Распутин - Иван Наживин
Шрифт:
Интервал:
Закладка:
— Над этим люди тысячи лет бьются…
— И никаких толков?
— Как будто… — усмехнулся граф. — Да вы кушайте, а то все уж остыло…
— Так значит, и у вас выходит пустота?.. Так-с… Значит, кругом шашнадцать… Ну-ка, красненького…
— А что вы это все об одном толкуете? — любопытно спросил граф. — И в последний раз, как вы у меня были, об этом же разговаривали…
— Это, милячок, становая кость… — сказал Григорий. — Ежели тут ясности нет, ежели тут у тебя в самой центре запуталось, то… не миновать нам всем вверх тормашками лететь или горло один другому грызть… Эх, да что там!.. — махнул он рукой. — Видно, толкуй не толкуй, а от судьбы не уйдешь. А судьба у всех одинаковая: три аршина земли. И как подумаешь об этом, так скушно станет, так скушно, что и на свет не глядел бы, мать ты моя честная! Оттого я и пью…
— Ну вот вы меня спрашивали, а я вам отвечал… — сказал граф. — А теперь я хочу вас спросить — будете отвечать мне откровенно?
— Отчего же? Буду… — отвечал Григорий. — Никаких таких секретов у меня нету, потому как ничего не боюсь я… Это кто боится, тот лукавит, а мне, ваше сиятельство, на все наплевать… Спрашивай…
— Как я из ваших разговоров замечаю, вы тоже в вере не очень тверды, не так ли? — любопытно глядя на мужика, сказал граф.
— Не тверд…
— Так. А как же вы, сам, в сущности, неверующий, все говорите людям о божественном?
— Неверующий… — повторил Григорий задумчиво. — Этого я сказать так твердо не могу… Я и верую, и не верую, как когда… А что говорю насчет божественного, дак что же? Коли людям это ндравится… Пущай! Знаешь поговорку: чем бы дитё ни тешилось, только бы не плакало…
— А вам не все равно, плачет оно или не плачет?
— Нет, не все равно… — сказал Григорий. — Вот я замечаю, тебе все равно, потому у тебя сердце холодное, а мне не все равно. Раз ты мне зла не сделал, и мне нет охоты вреды тебе делать, а наоборот, хочется как поскладнее… Хочешь насчет божественного? Давай насчет божественного!.. Это первое… А иногда и испытую людей…
— Как испытуете?
— А так, из любопытства, что в ем есть… — сказал Григорий и улыбнулся. — Я ведь страсть какой любопытный… Ну ты вот, чай, слыхал про историю с картиной у графини Игнатьевой? Ну, эдакая голая девка посередке стоит, а вокруг народ собрался, ее разглядывает…
— А, да, слышал… «Фрина»…
— Ну не знаю, пес ее знает, как ее там зовут…

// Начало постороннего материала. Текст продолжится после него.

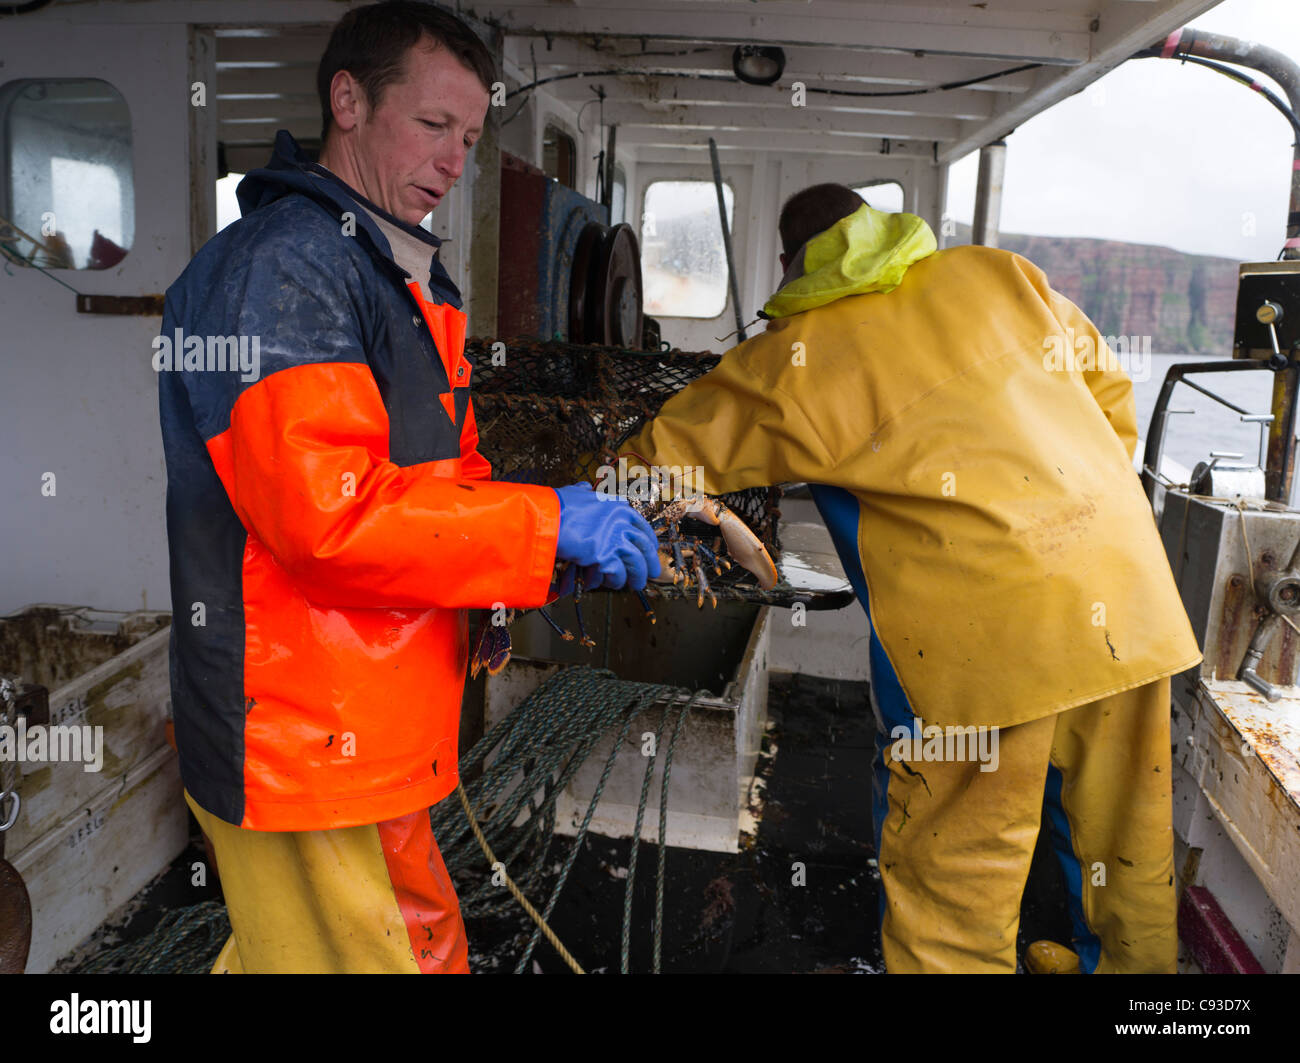 dh pêcheurs pêche au homard ORKNEY Creel à bord d'un bateau de pêche ecosse homme frais pot pêcheur homards poissons Banque D'Images
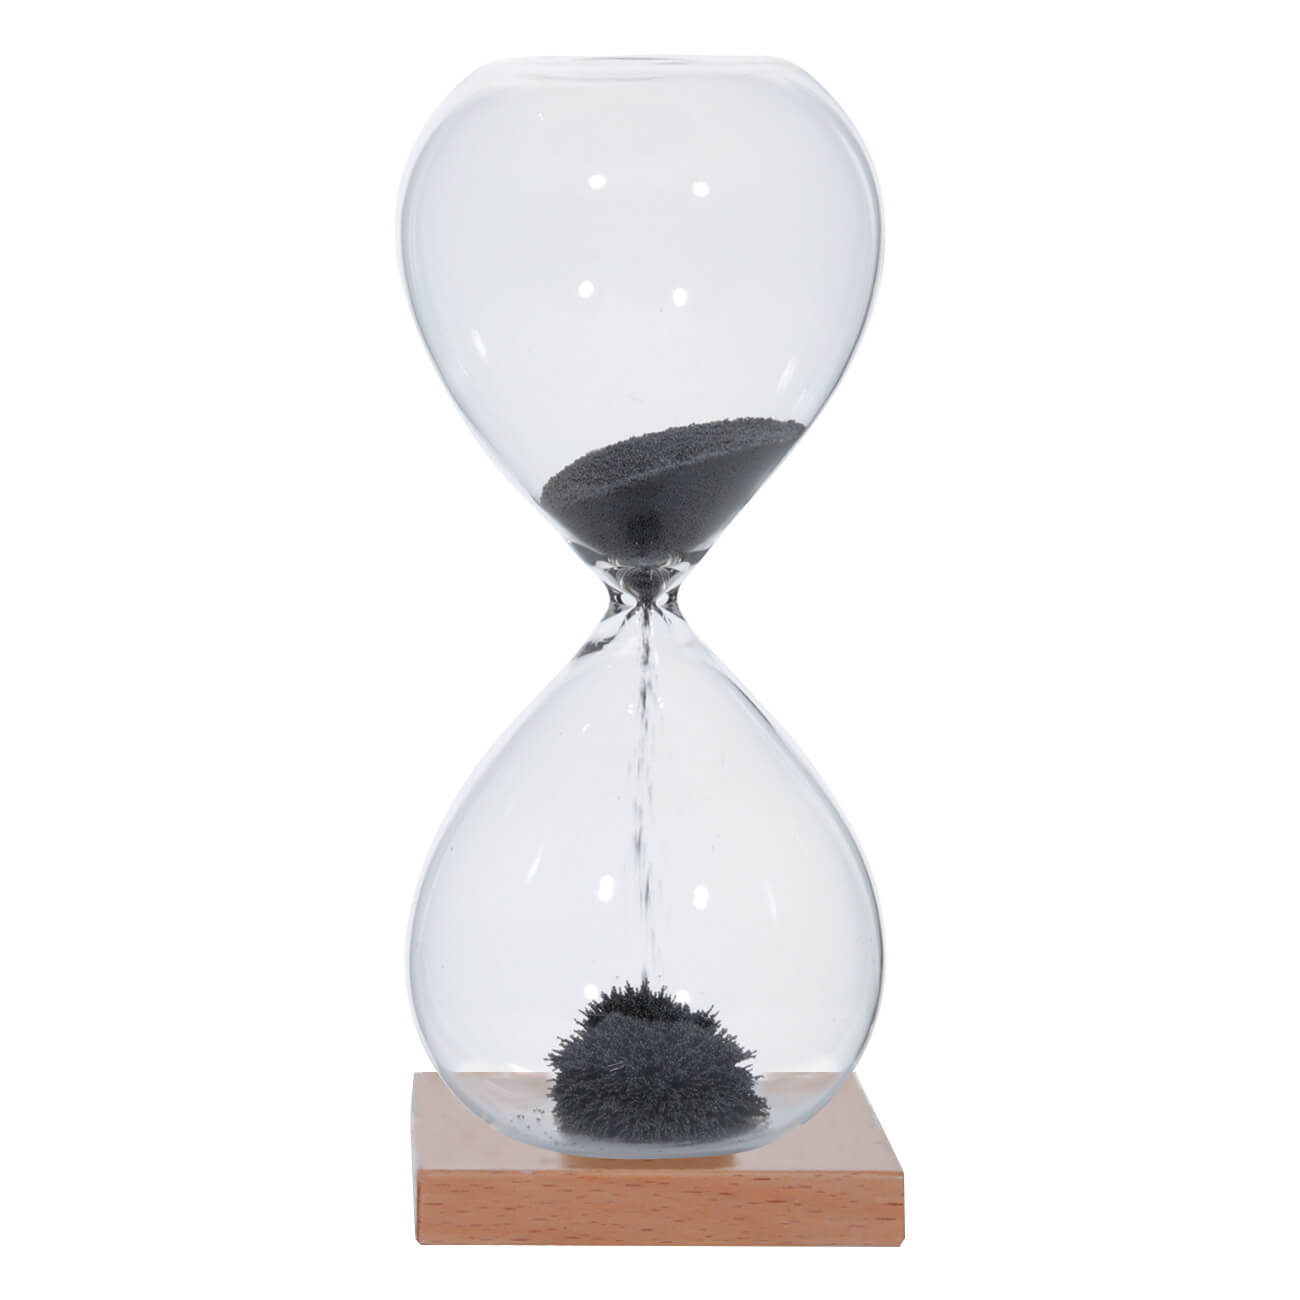 Часы песочные, 16 см, 1 минута, магнитные, на подставке, стекло/дерево, серые, Sand time игрушка сортер 22 см развивающая дерево часы kiddy
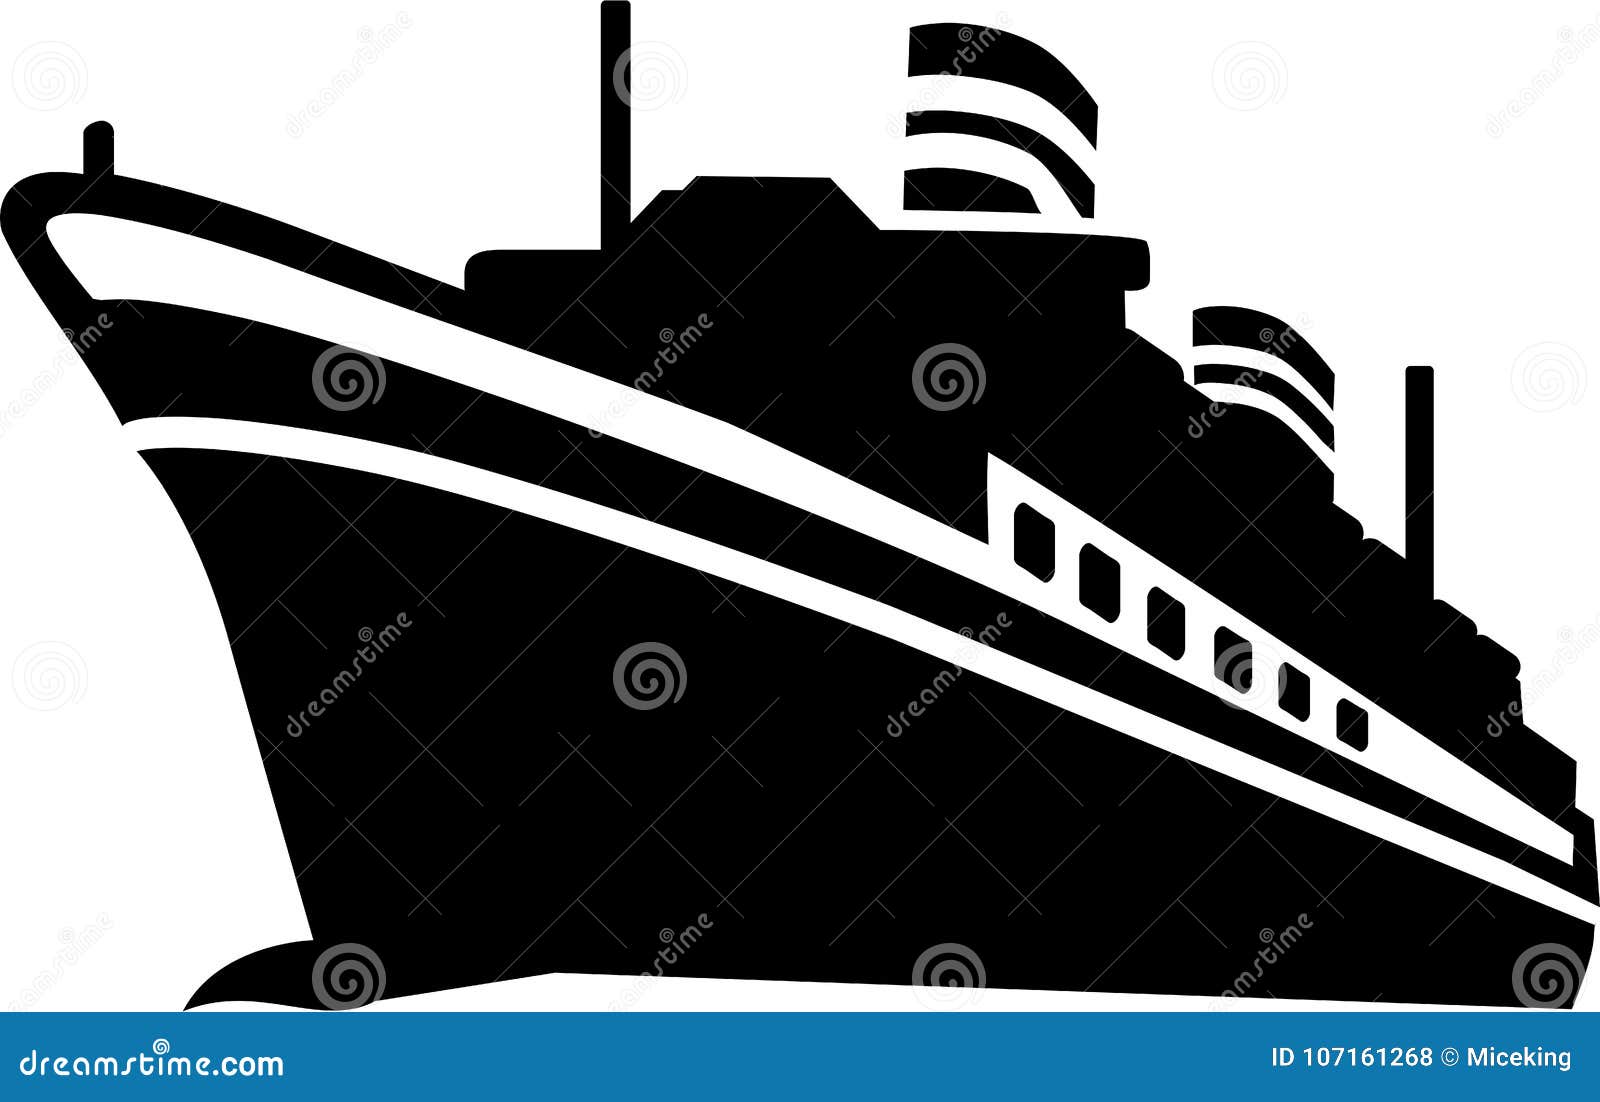 Vetor Do Navio De Cruzeiros Ilustração do Vetor - Ilustração de ... Simple Ship Silhouette

— Вы ее, говорят, перекрестили, а она от креста вашего лопнула? — засмеялся граф.
— Не лопнула, а я сам ее, как один остался, ножиком прорезал накрест…
— Зачем?
— А из любопытства: что будет?
— Ну и что же?
— Уверовали, что от моего креста блудница треснула… За святого меня почитать стали. И обнаружилось, что и промежду вашего брата дураков тоже весьма большое количество… И на обман всякий вы падки не хуже нашего. И вас можно на паутинке на край света увезти которых… А учились, и все там такое… Везде суета, везде неверность, везде наобум Лазаря все идет… А хуже всех — попы…
— А говорят, вы приятели с ними…
— Есть и приятели по пьяной лавочке, а так, вопче, не люблю косматых до смерти…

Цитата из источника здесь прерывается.